Add LLVM Code Coverage support to Rusty (for use with tools like llvm-cov), so that instrumentation is added to track program execution.
Another developer @HaithemLamri and I are interested in making this happen. We understand that this feature would be pretty complex to implement and not immediately useful for most users, so we’re mostly looking for higher-level support as to how and where this feature could best be integrated in Rusty.
From preliminary research, there seem to be two options for going about this:
- Implement the coverage spec from scratch, using LLVM primitive datatypes:
- Less future-proof, as the implementation will need to be updated as LLVM updates their code coverage specification (though this historically has not changed very frequently).
- This appears to be immediately possibly with only
Inkwellprimitives, without requiring changes toInkwellorllvm_sys.
- Integrate using LLVM’s
CoverageMappingclasses:- This would really simplify the code coverage data type generation, since it abstracts a lot of the generation.
- It appears that the Rust compiler team tied into these classes for Rust’s integration of LLVM code coverage.
- The primary issue with this is that these classes/modules don’t appear to be implemented in
Inkwellor inllvm_sys(whichInkwellcalls), and would likely have to be integrated into both underlying libraries, before being added to Rusty. This seems like a major challenge.
From an initial assessment, the first option seems to be the quickest and easiest to implement barebones functionality… though the second would likely be better for maintainability in the long run.
Additional Resources
- Clang’s code coverage documentation
- Rust’s integration
- Integrate at AST level
- This PR was eventually rejected, in favor of the below PR.
- Integrate at MIR level
- “MIR” (Mid-level IR) appears to be Rust-specific. Rusty only has the AST (as far as I understand).
- Integrate at AST level
- LLVM Code Coverage Generation Modules (not supported in
Inkwellorllvm-sys)- CoverageMappingGen.cpp
- CoverageMappingWriter.cpp
- InstrProf.h: contains useful name mappings
- InstrProfData.inc: contains useful defines
This looks like a great idea.
the second strategy you suggest by using the LLVM classes might not be out of the question.

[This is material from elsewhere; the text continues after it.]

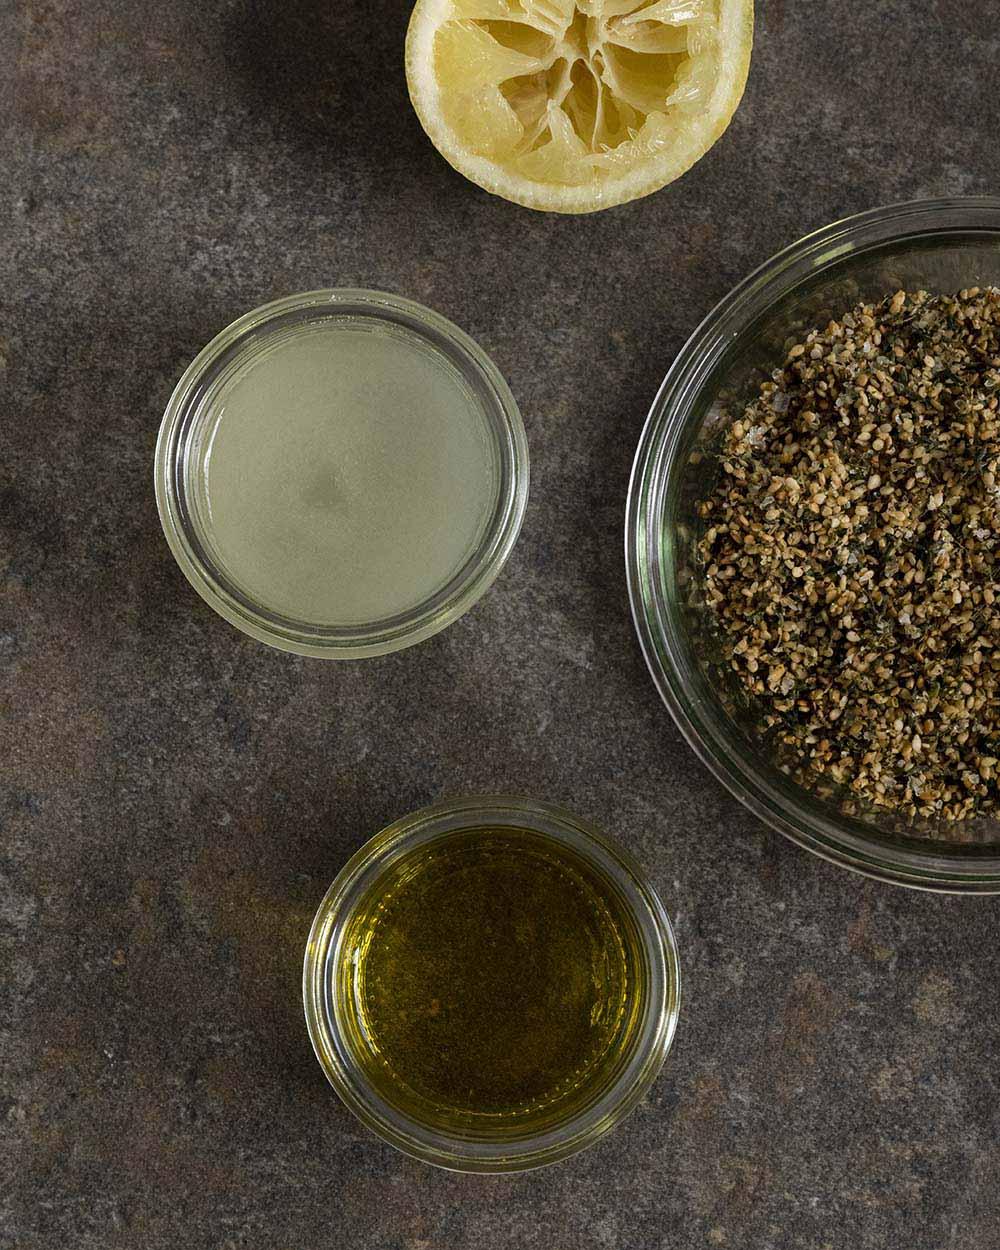 In einer Schüssel ist unser selbstgemachtes Zatar-Gewürz zu sehen. Daneben stehen zwei Gläser mit ausgepresstem Zitronensaft und Olivenöl, Zutaten, mit denen wir unser Gewrz gleich vermischen.

Inkwell exposes all the LLVM types using either a LLVMReference trait and the internal-getters feature or a as_mut_ptr method on elements (depending on the version, not sure which version rusty is on, might be the LLVMReference one still, but it might be worth updating)
https://github.com/TheDan64/inkwell/pull/392
Also note that Inkwell and llvm-sys only wrap the llvm C api, if something is not in the C api you will need to get a raw handle on the specific objects and branch into the CPP classes.
I'd be happy to review some pull requests with this. I would suggest smaller PRs with that don't break functionality might be the easiest to review. A bigger PR might take a while.
@ghaith thank you for pointing that out about the as_mut_ptr methods.... I didn't realize that! I'll take a look and see if that makes it possible to access everything we would need.
I like the idea of using the CoverageMappingGen classes if possible, since the LLVM IR that clang generates has some more complexity than what's in the specification. It would likely avoid some headaches down the road.